Table 2 Descriptive characterization of the total sample and the experience groups

TEDS-M Instrument for Measuring Teacher Noticing

The TEDS-M instrument for measuring teacher noticing was developed in the TEDS-FU study. It is an established instrument for measuring teacher noticing as a contributor to teacher expertise. We use the achievements in this test as a norm- or task-oriented measure of expertise to identify expert teachers (Krauss, 2020; Stigler & Miller, 2018). The evaluation of noticing as a facet of teachers’ professional competence is based on three scripted (i.e., staged) video-vignettes with lengths of 2.25 to 3.5 min. The entire test instrument consists of three randomly arranged test units and has a duration of approximately 90 min. In each test unit, the participants first received background information regarding the class shown in the video-vignette, the general teaching conditions, and the mathematical content covered. Afterward, they received one-time access to the corresponding video-vignette. This allowed the teaching situation to be observed as realistically as possible in the test environment. Overall, the use of scripted video-vignettes instead of filmed natural instruction or text-vignettes enabled a manageable, cognition-activating, and strongly classroom-related measurement (Kramer et al., 2020; Piwowar et al., 2018; Santagata et al., 2021). The three video-vignettes contained a range of different mathematical topics (e.g., surface and volume calculation, functions, modeling) and teaching phases like the introduction of a mathematical task and work on it or a plenary with discussion of results (for further description, see Kaiser et al., 2015). They represented lessons in the 9th to 10th grades at different school types (Kaiser et al., 2015). After watching the video-vignette, the participants answered open-response and Likert-type rating scale items that addressed their abilities in one of the three teacher noticing facets with a mathematics pedagogical or general pedagogical focus (Blömeke et al., 2014, see Table 3 for the respective number of items). Across all three video-vignettes, the measurement instrument included a total of 77 items.

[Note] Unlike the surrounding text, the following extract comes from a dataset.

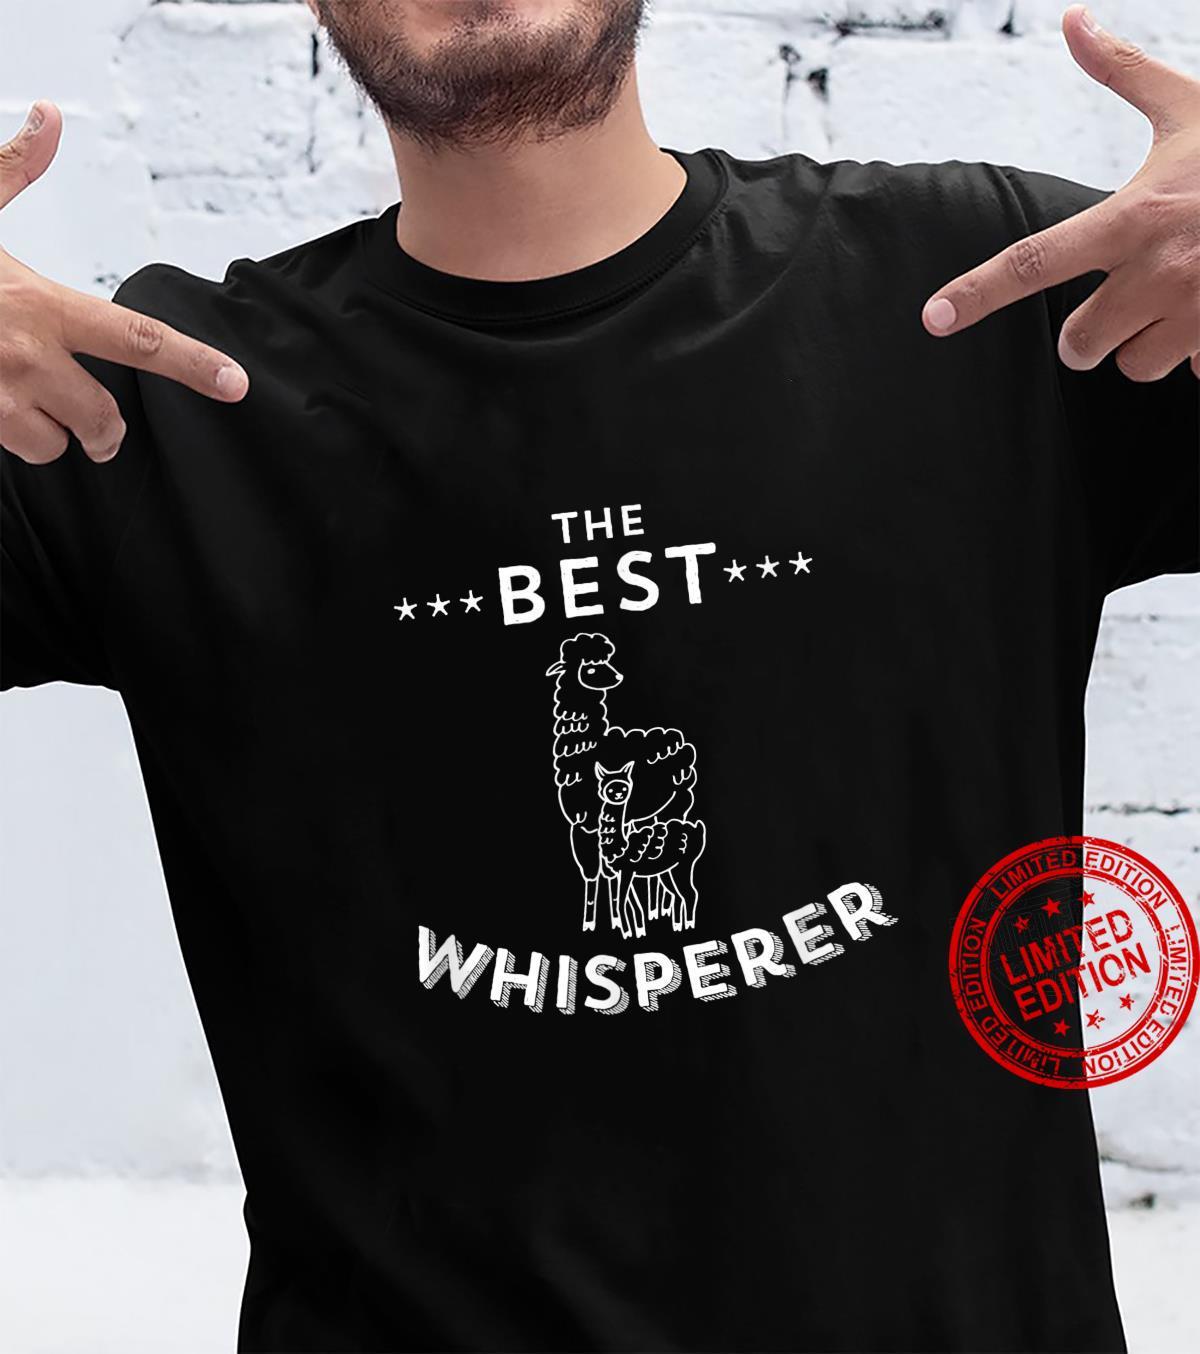 The Best Llama Whisperer Llama Quote Design Shirt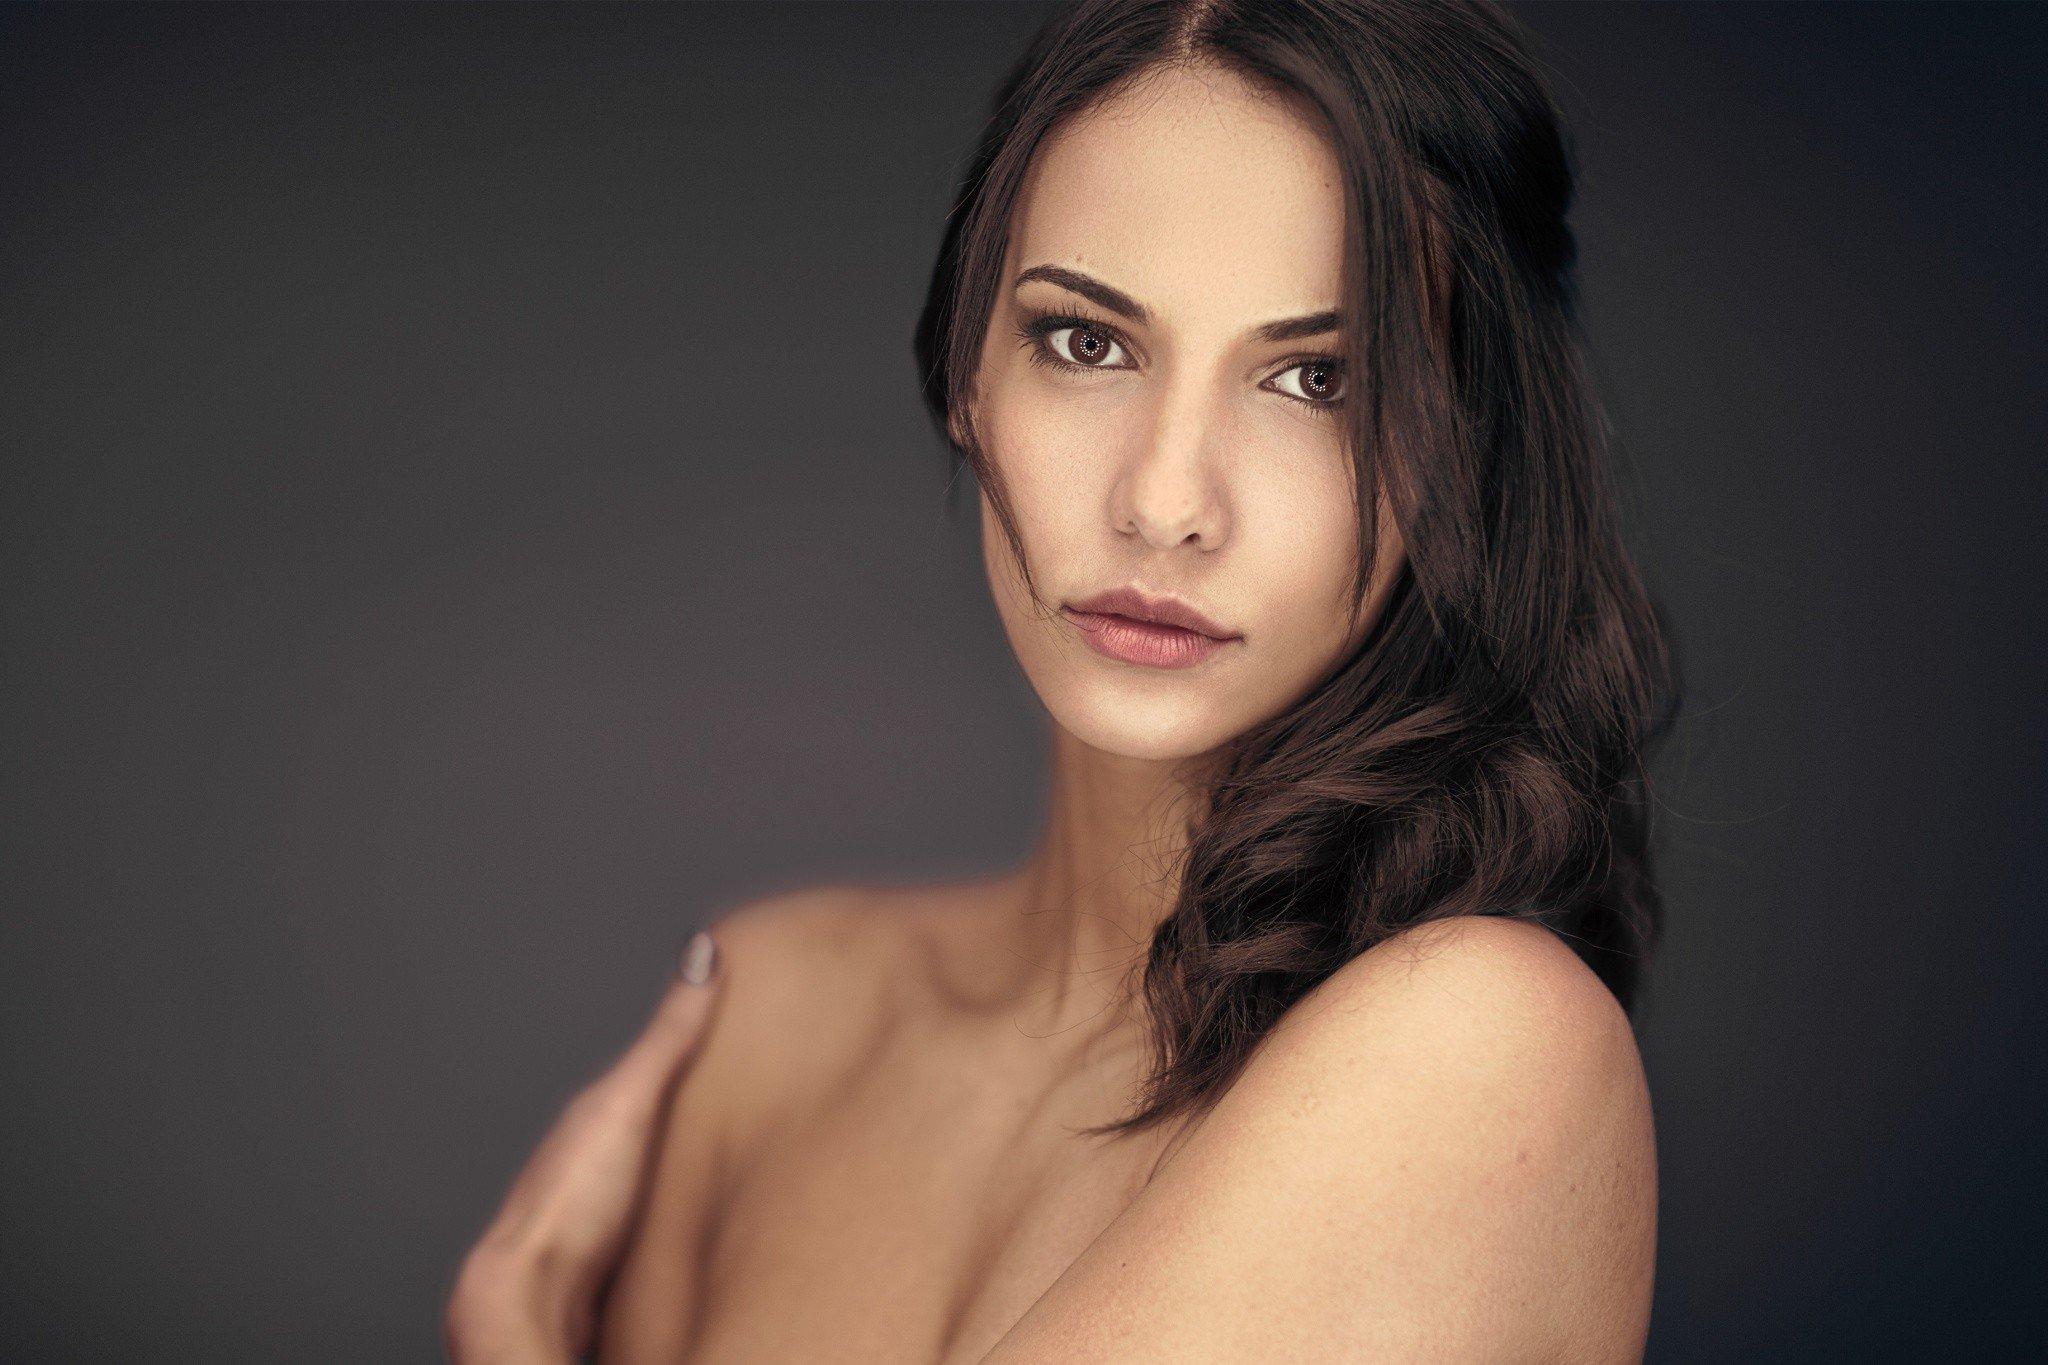 Women, Model, Brunette, Brown Eyes, Bare Shoulders -6288

Table 3 Number of items in the noticing measure by noticing facet and subject-related perspective

As displayed in Table 3, the pedagogical perspective on teacher noticing (P_PID) is well represented in the item set measuring perception, while decision-making items particularly comprise items concerning the mathematics pedagogical perspective (M_PID), which was a result of scaling and test construction. For the interpretation facet, items are more or less equally distributed in terms of subject-related perspectives.

Concerning the item formats, a rating scale item consists of a statement and a four-point Likert scale, with which the statement is to be assessed. The example item in Fig. 1 requires perception of a specific classroom event.

Fig. 1
figure 1

Rating scale item for the perception facet (P_PID)

Example items for the open-response format and the interpretation and decision-making facets are displayed in Figs. 2 and 3. The interpretation item asks participants to analyze a student’s way of solving a volume and surface calculation and identify indicators of a formal mathematical approach. Consequently, this item is related to M_PID. The decision-making item concerning P_PID asks for possible changes to the course of instruction to better deal with the class’s heterogeneity.

Fig. 2
figure 2

Open-response item concerning the interpretation facet (M_PID)

Fig. 3
figure 3

Open-response item concerning the decision-making facet (P_PID)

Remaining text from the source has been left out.